Also, calling eval on the config file seems to open this system up to attack. What could a malicious person add to this config file if they wanted to wreak some havoc? Do you realize that ANY arbitrary code in your config file will be executed?
Another issue is that it's highly counter-intuitive (at least to me). I would expect a config file to be read by some config loader, not executed as a runnable piece of code. This isn't so serious but could confuse new developers who aren't used to it.
Finally, while it's highly unlikely that the implementation of constructs like p{...} will ever change, if they did change, this might fail to continue to function.
It's a bad idea to put configuration data in compiled code, because it can't be easily changed by the user. For scripts, just make sure it's separated entirely from the rest and document it nicely.
A reason I'm surprised no one mentioned yet is testing. When config is in the code you have to write crazy, contorted tests to be able to test safely. You can end up writing tests that duplicate the code they test which makes the tests nearly useless; mostly just testing themselves, likely to drift, and difficult to maintain.

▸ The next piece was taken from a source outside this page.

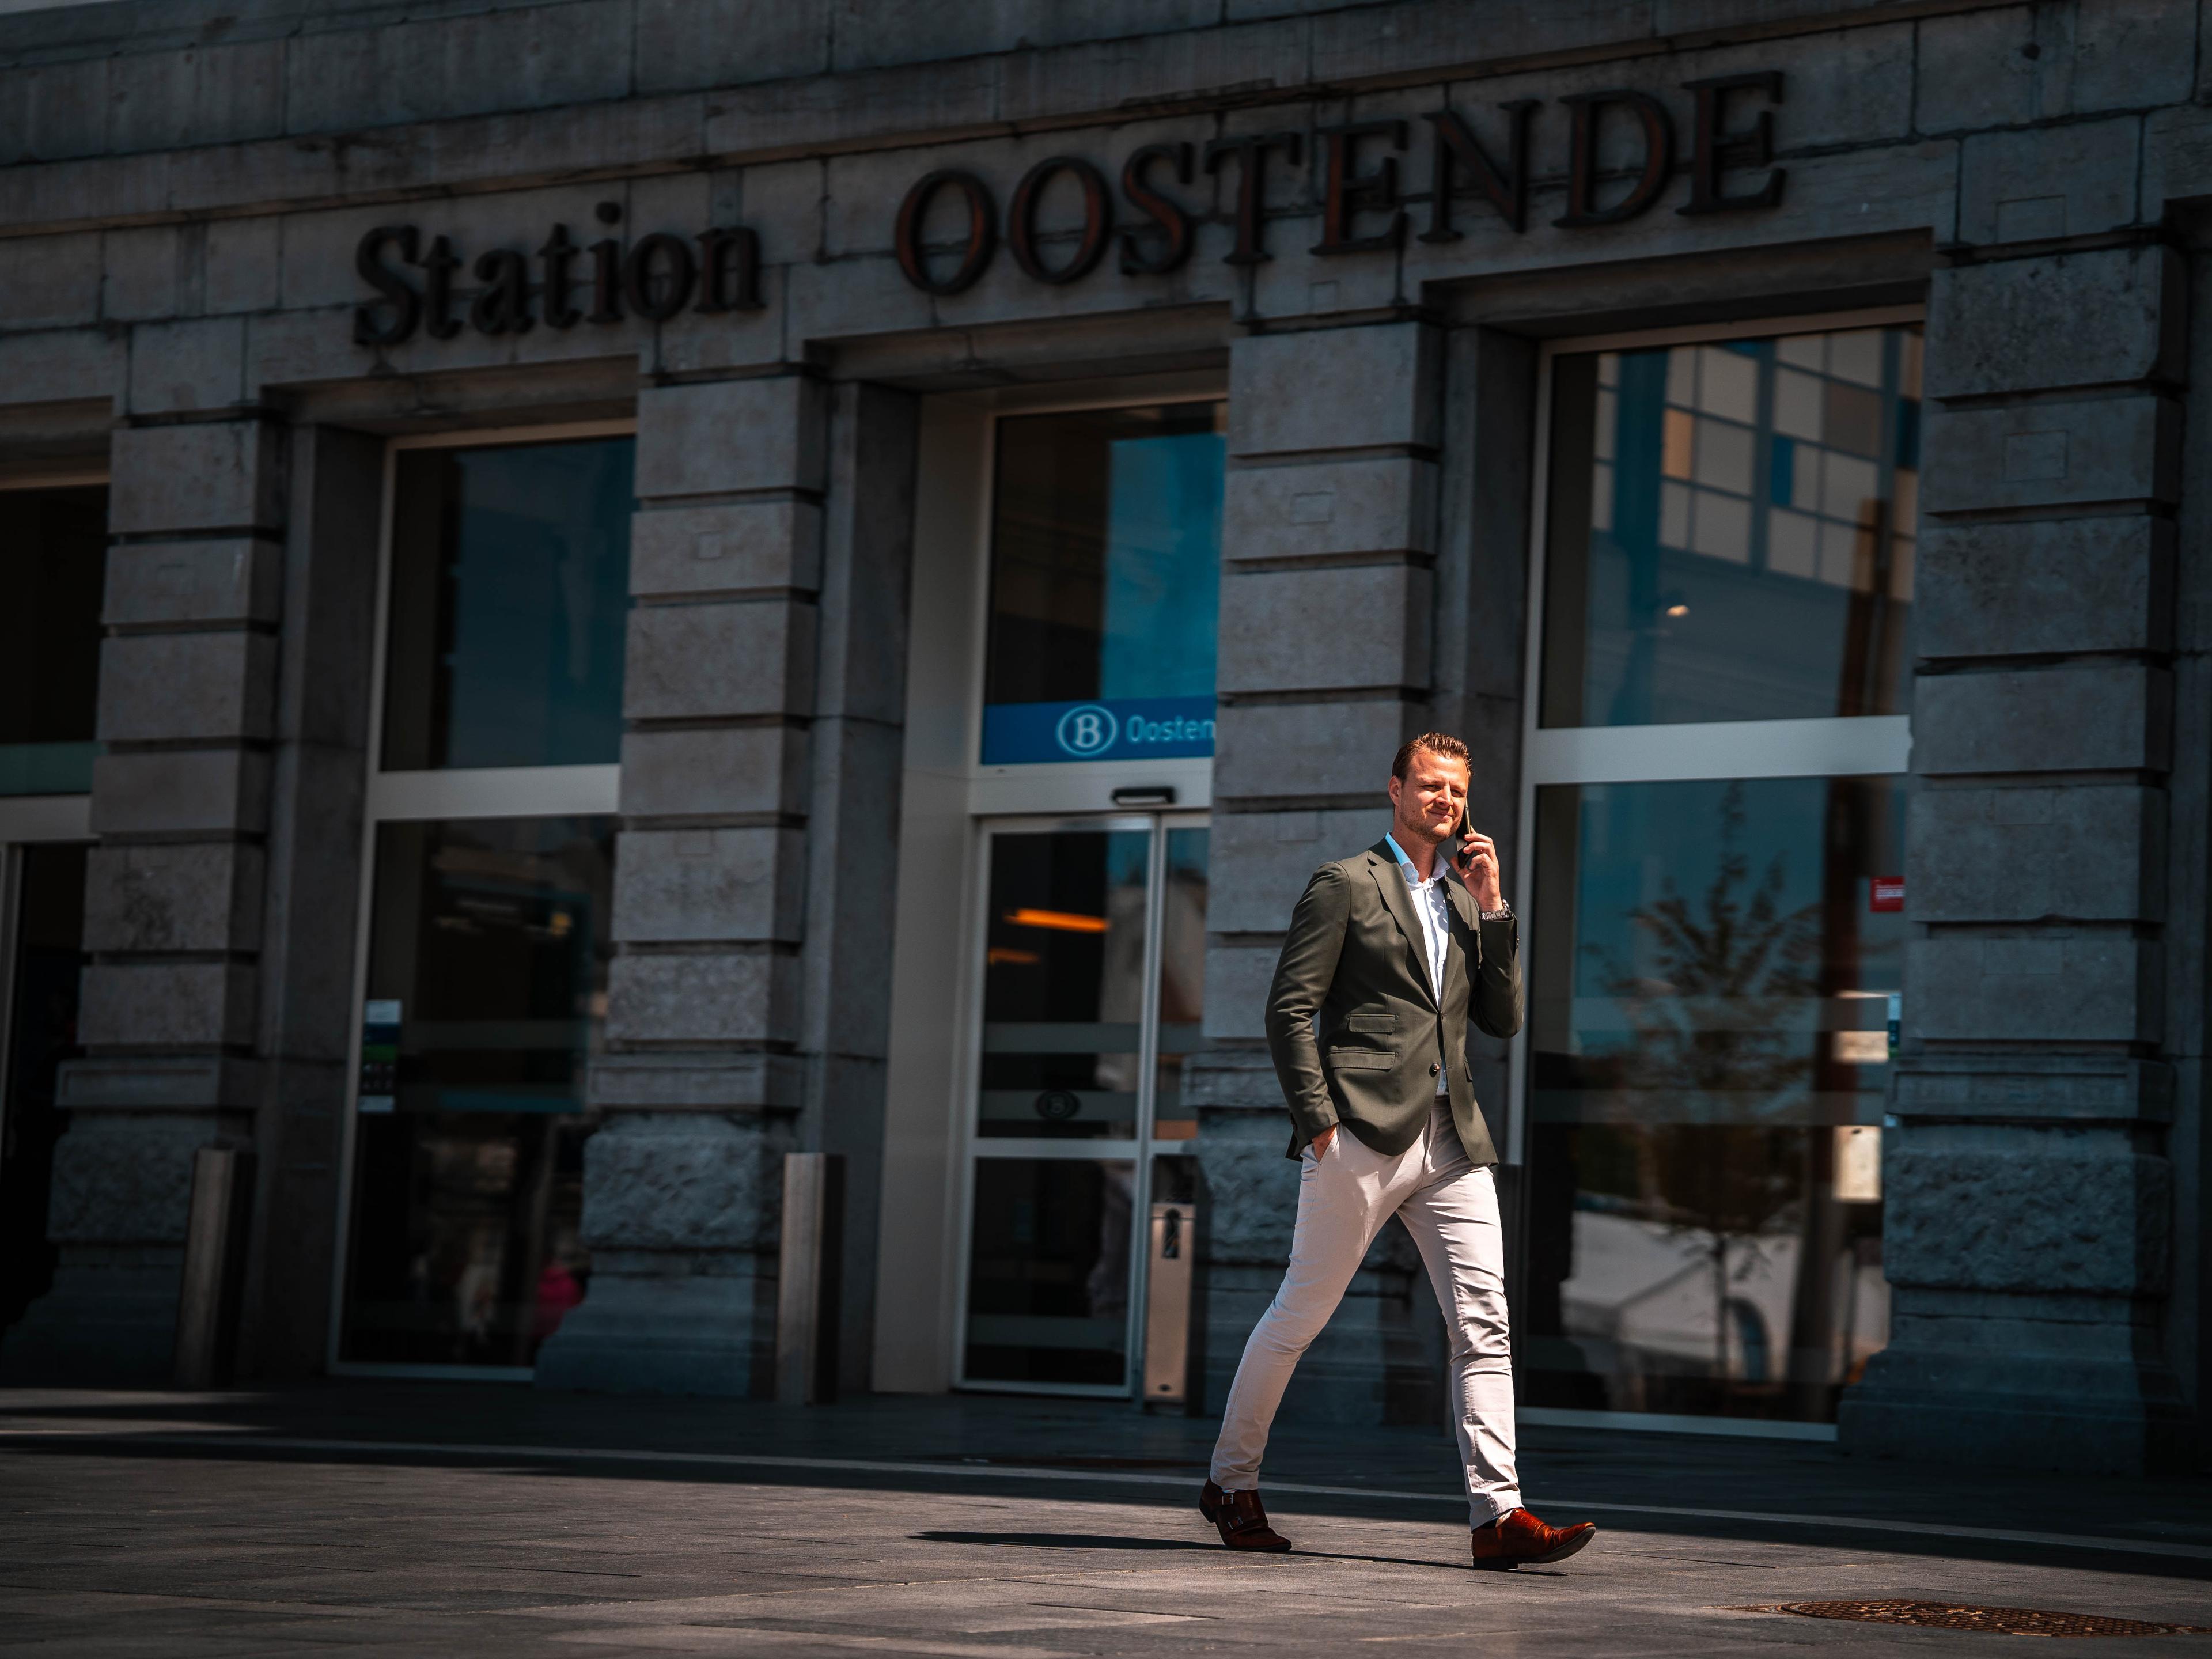 Zaakvoerder met gsm in hand voor station Oostende.

Hand in hand with testing is deployment which was mentioned. When something is easy to test, it is going to be easy (well, easier) to deploy.
The main issue here is reusability in an environment where multiple languages are possible. If your config file is in language A, then you want to share this configuration with language B, you will have to do some rewriting.
This is even more complicated if you have more complex configurations (example the apache config files) and are trying to figure out how to handle potential differences in data structures. If you use something like JSON, YAML, etc., parsers in the language will be aware of how to map things with regards to the data structures of the language.
The one major drawback of not having them in a language, is that you lose the potential of utilizing setting config values to dynamic data.
I agree with Tim Anderson. Somebody here confuses configuration in code as configuration not being configurable. This is corrected for compiled code.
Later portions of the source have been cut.